The laughter joyfully reached higher levels of pleasure, happiness and utterly intrigued curiosity for sensations to grow stronger. I paused to shudder since it'd pressed an unseen force upon both shoulders, I distantly thought fingers were lovingly starting to claw into me. Yet nothing physical stood out as I remained alone on a distant street. Pleasant trickles of warmth caused me to gasp as I resisted falling into another trap set by it, I closed both eyes mightily summoning will to have it disperse gently away. This entity laughed all too pleased, "Thy will is raw art, a tool and talent, if thy ist willing to entertain I!"

Pressure uplifted itself to have me walk forward without too much hassle. I'd passed another test seemingly without understanding fully, but it didn't matter what it desired. I had a mission, a purpose and everyone's lives fell upon me to get it done. There was no other choice, but to move forward or die knowing I'd fall into damnation. This entity wasn't just another daemon, not like one I'd invoked and banished because if I tried...it'd kill me because of a name so vast, so alien and one misplaced sound spelled doom to speak aloud.

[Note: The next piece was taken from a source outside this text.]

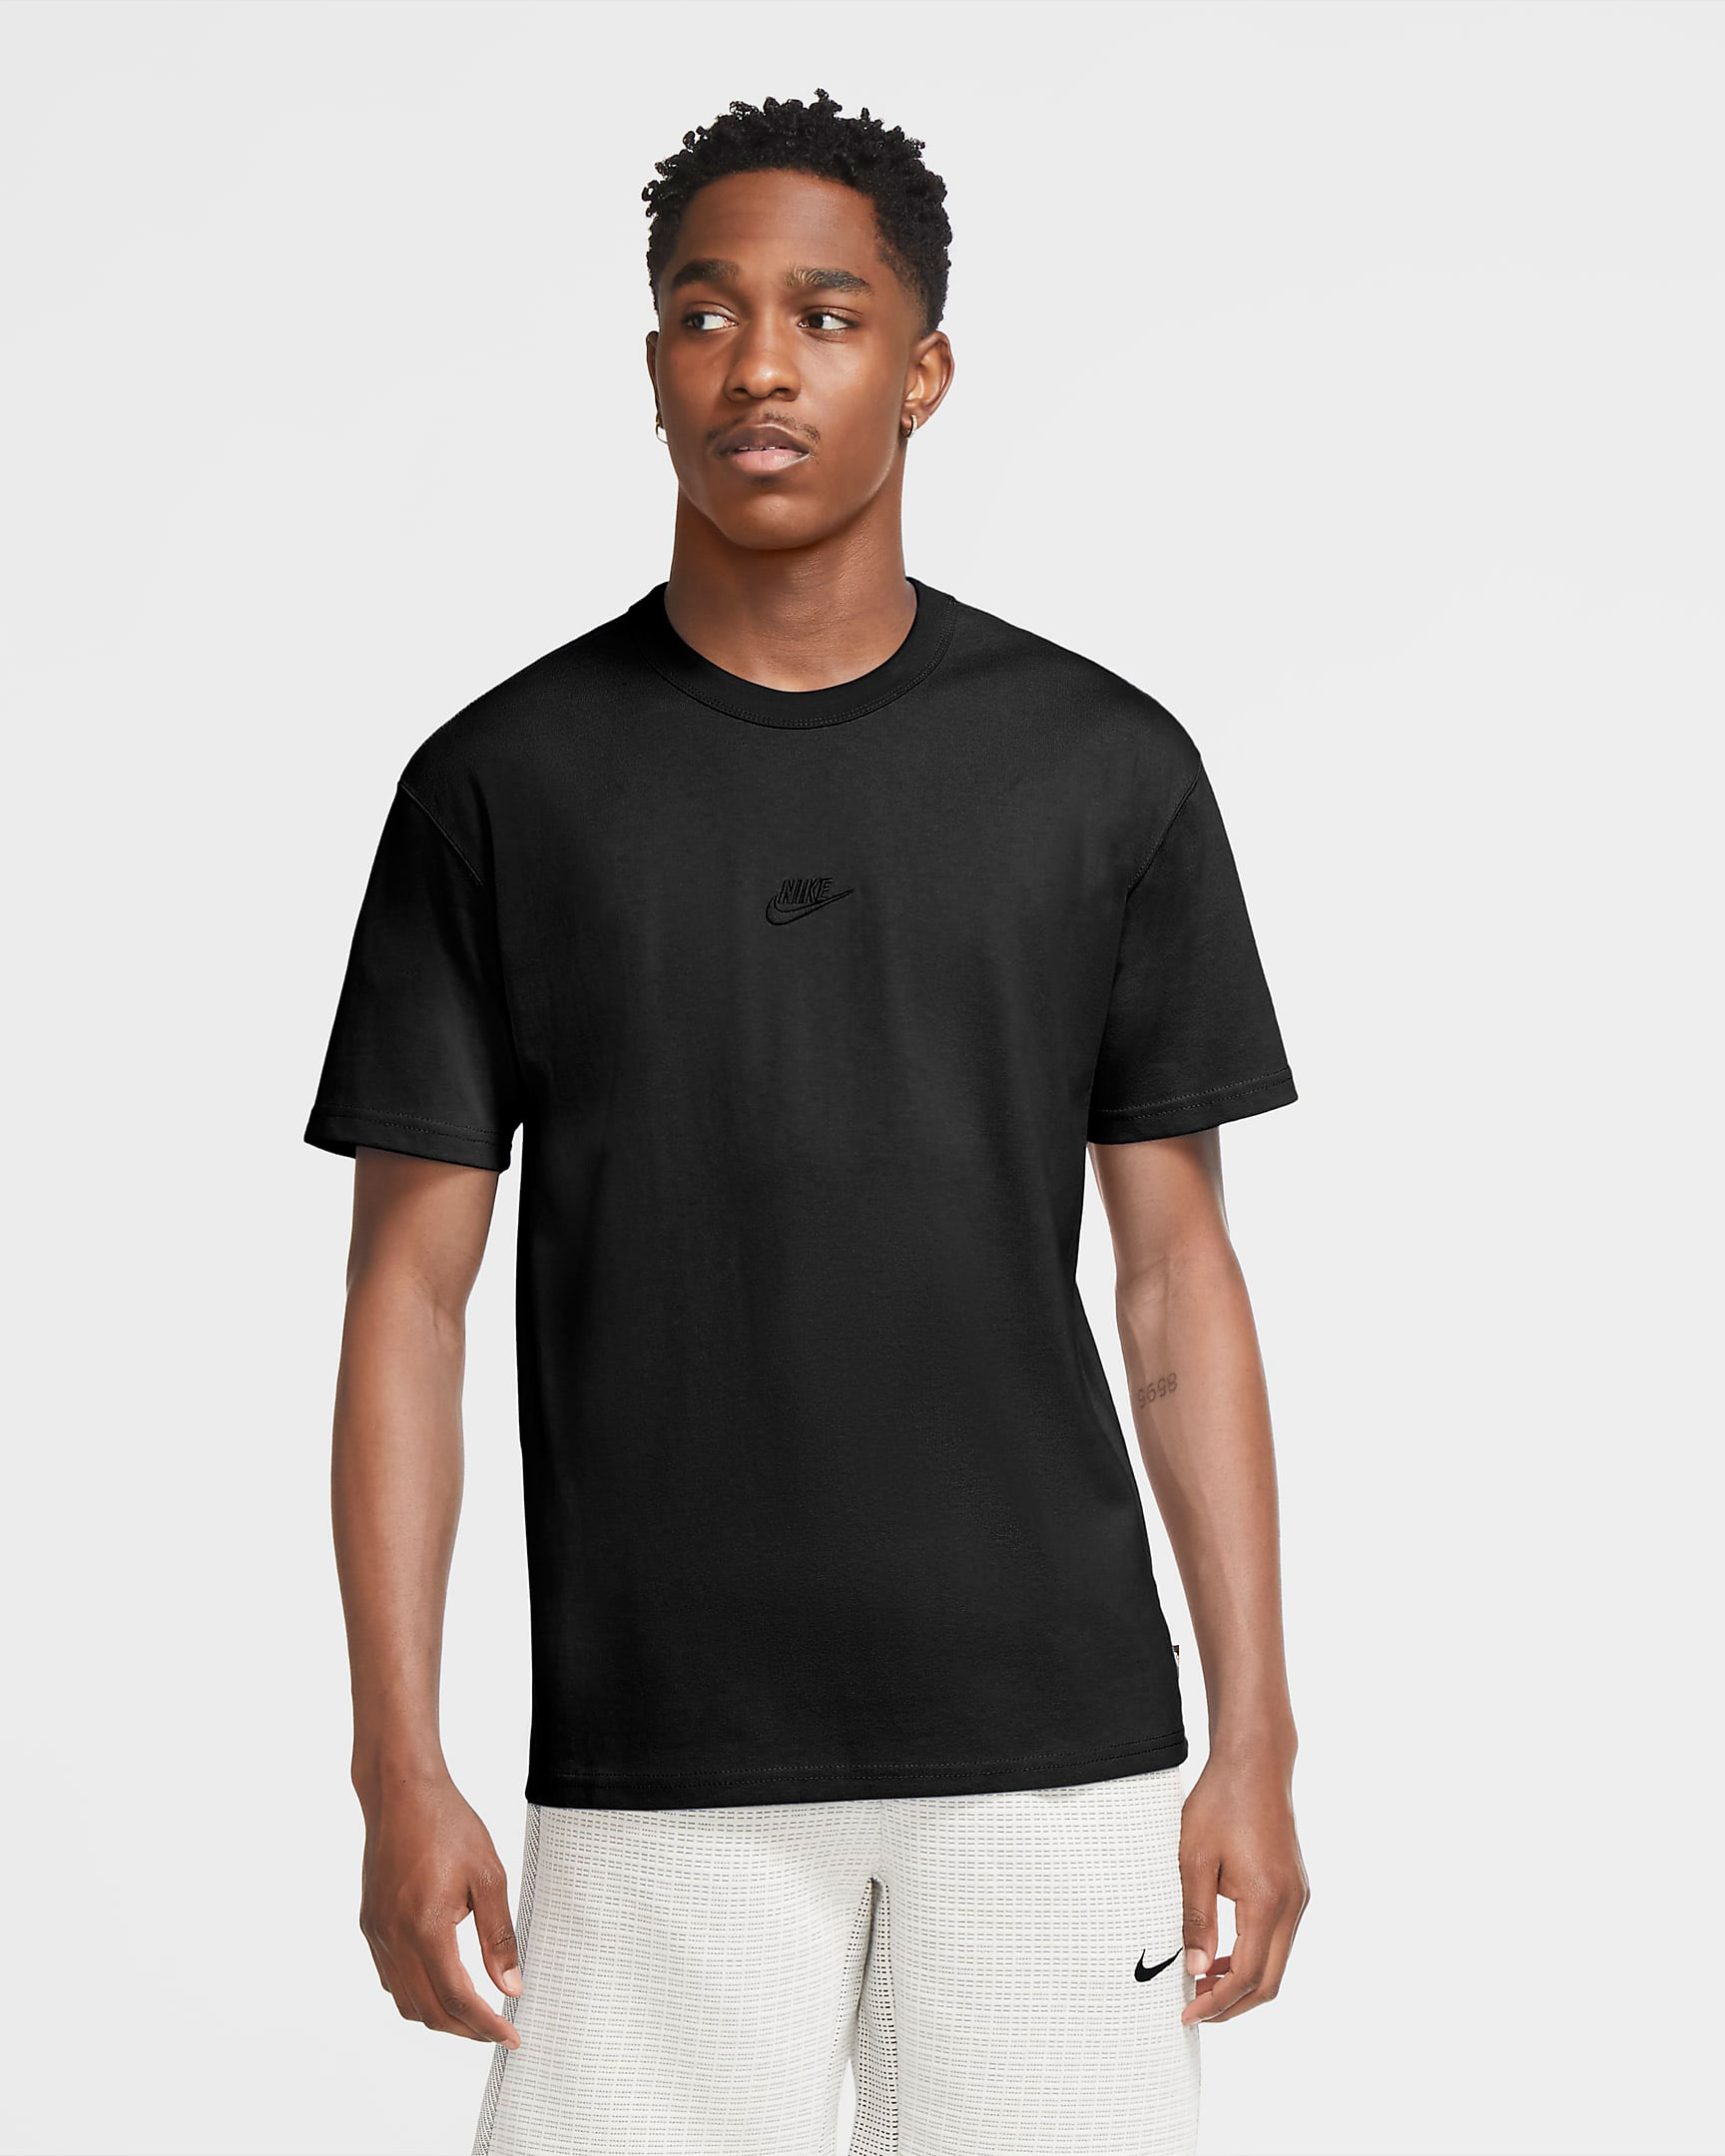 nike-adapt-auto-max-triple-black-tee-shirt

"Will thy dance with me, if thou soul and will so pure?" It questioned merrily as I responded without a doubt to smirk knowingly, "Only if thou upholds truth of I, if not shall thee lie and fail?" Wills clashed unseen whereas this dance was but a duel, of fate and death. I shuddered involuntarily only because I knew I had no chance to overpower it, no hope to defeat it as I was and yet I'd walk into hellish arms facing total oblivion, all the while knowing it was only throne forsaken chance to endure. Whatever this damned thing desired was irrelevant, what it wished or flaunted I'd never know if I didn't survive another sunrise. I had tempted it, I had caught it's attention and as such faced consequences for every action undertaken.

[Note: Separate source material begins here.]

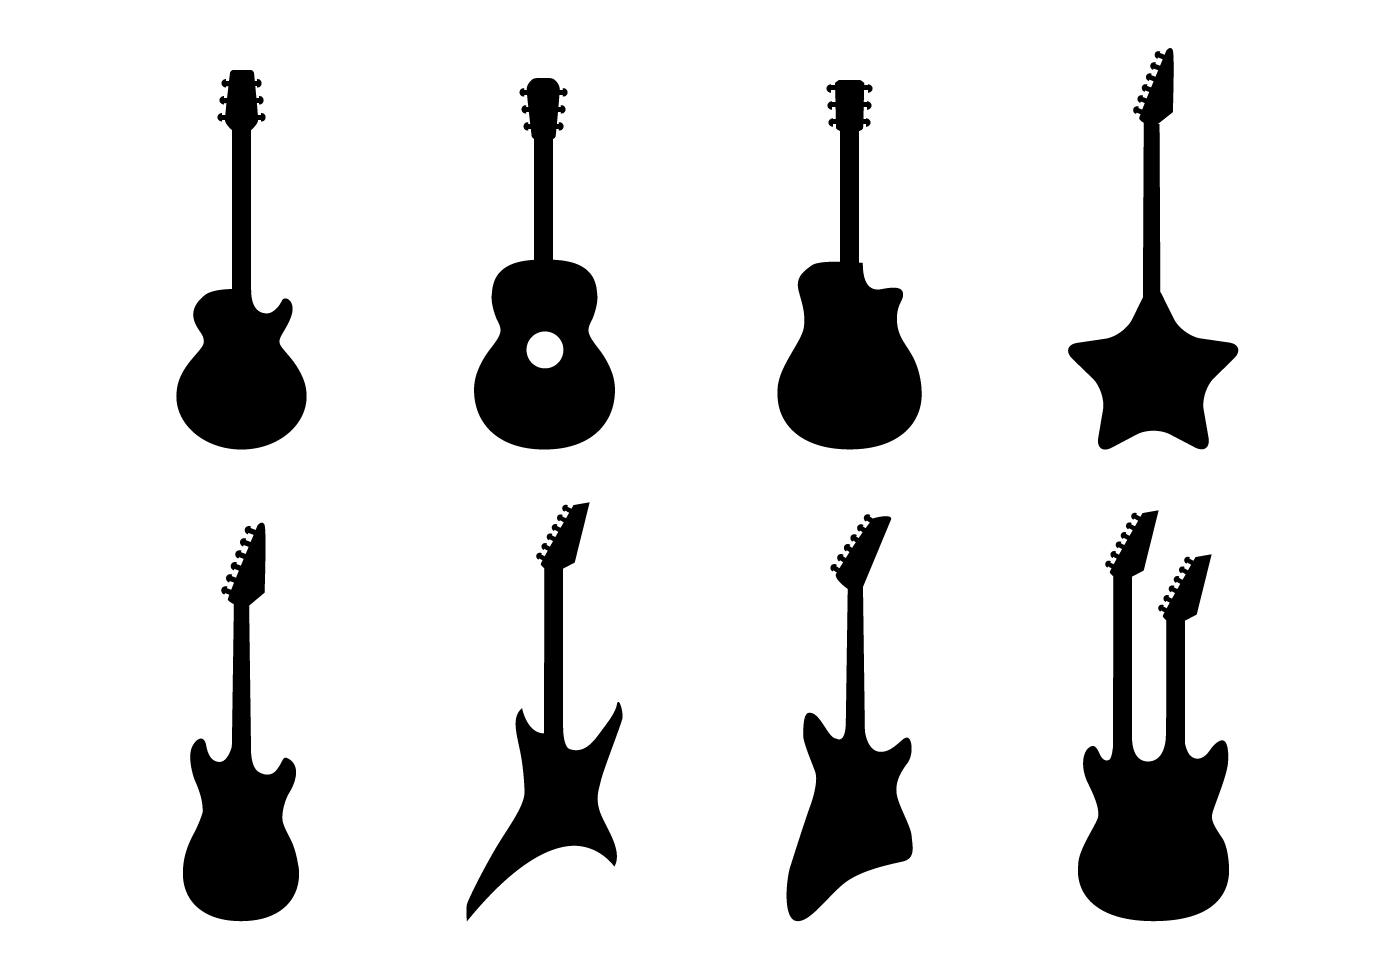 Download Guitar Vector Vector Art Choose From Over A Million Free Vectors Clipart Graphics Vector Art Images Des Guitar Vector Guitar Outline Music Symbols

One powerful tremor shook air, earth and all in a fleeting sensation of senseless abandon. My legs froze when unnatural power oozed below as wisps of blackened crimson latched onto flesh, I hissed when it daringly tried to enforce will over myself. The massive shadow flirted in front to beckon me forward lovingly pleased, "Among thy kin, few dare to dance with I! Are thou pure, so sure and heed not thy temptation of heart, or soul?" It desired doubt to exploit, it sought because it'd be capable to hold more sway after my words and actions yet I resisted. I stared hard at first only to smile widely feeding temptation into an unseen enemy, a foe I'd knowingly die too and for all purposes it never once felt more entertained.

"Let my friends go, unharmed and alive." I repeated my request to seal my fate of doom and path of damnation tempting it successfully pleased, "Selflessness is but selfish perfection attained, for thy mortal kin lie upon I! Never have I seen thy of mortal kin inflict such joy upon I, for thou ist pure of soul, will and heart to call upon I, or is thou so sure?" It inquired joyfully fading behind to have unseen hands mischievously coming close to tearing off my skull, I looked over to see partially forming limbs gaining matter, flesh and blood from an enemy beyond the materium's veil. The warp itself seemed to burn and boil into a bubbling storm of tense anticipation.

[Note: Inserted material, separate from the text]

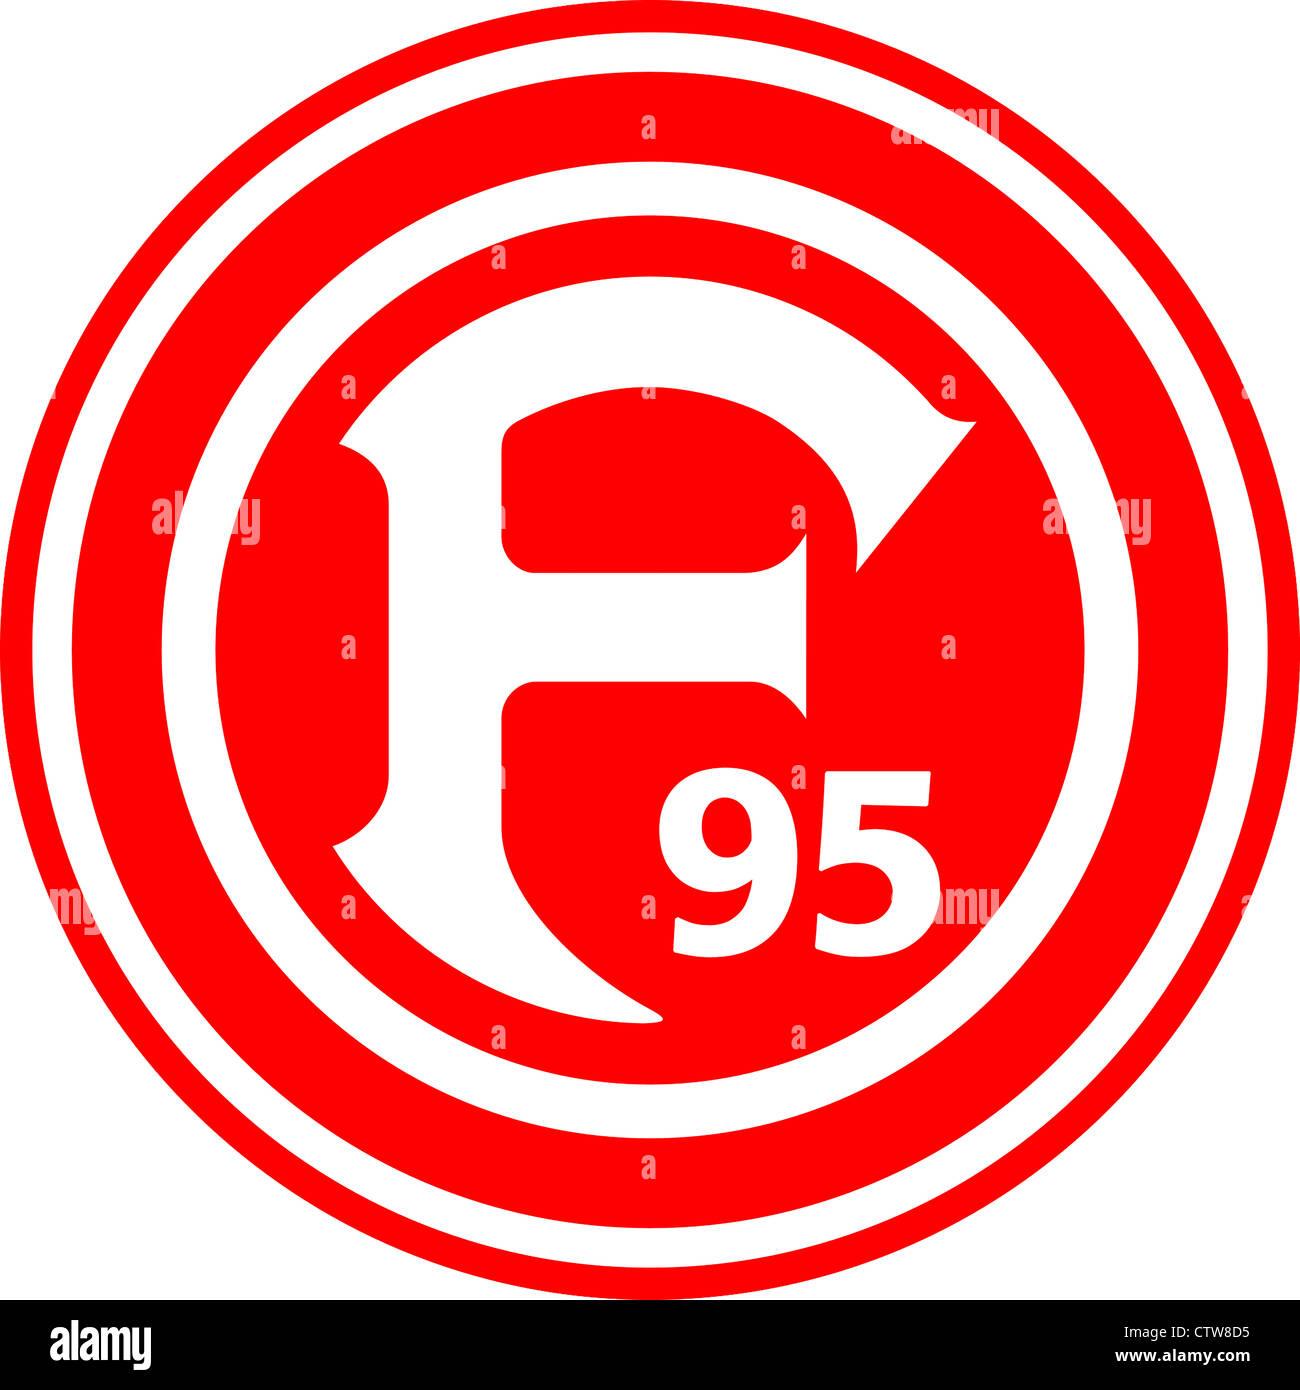 https www alamy com stock photo logo of german football team fortuna duesseldorf 49727921 html

I didn't hesitate when sensations of older memories seemingly returning as though lost had me laugh kindly, "Are we not dancing to your tune as you've ordained, daemon?" Utter silence met that daring question only for gleeful, pleased and unrestrained joy filled an entire street. My ears bleed subtly yet I ignored those sensations to cycle off pain receptors due to psychic might alone, "Indeed, of thy to note upon I! For thy and I, are but entwined and I am never undermined." A pull forced legs of mine to go against will yet I fell into it being lead into a central square. Smaller shadows all shrieked gleefully hungry and in unrestrained joy when they'd formed an entire circle, a grand stage set and among wicked musical melodies I stood without fear.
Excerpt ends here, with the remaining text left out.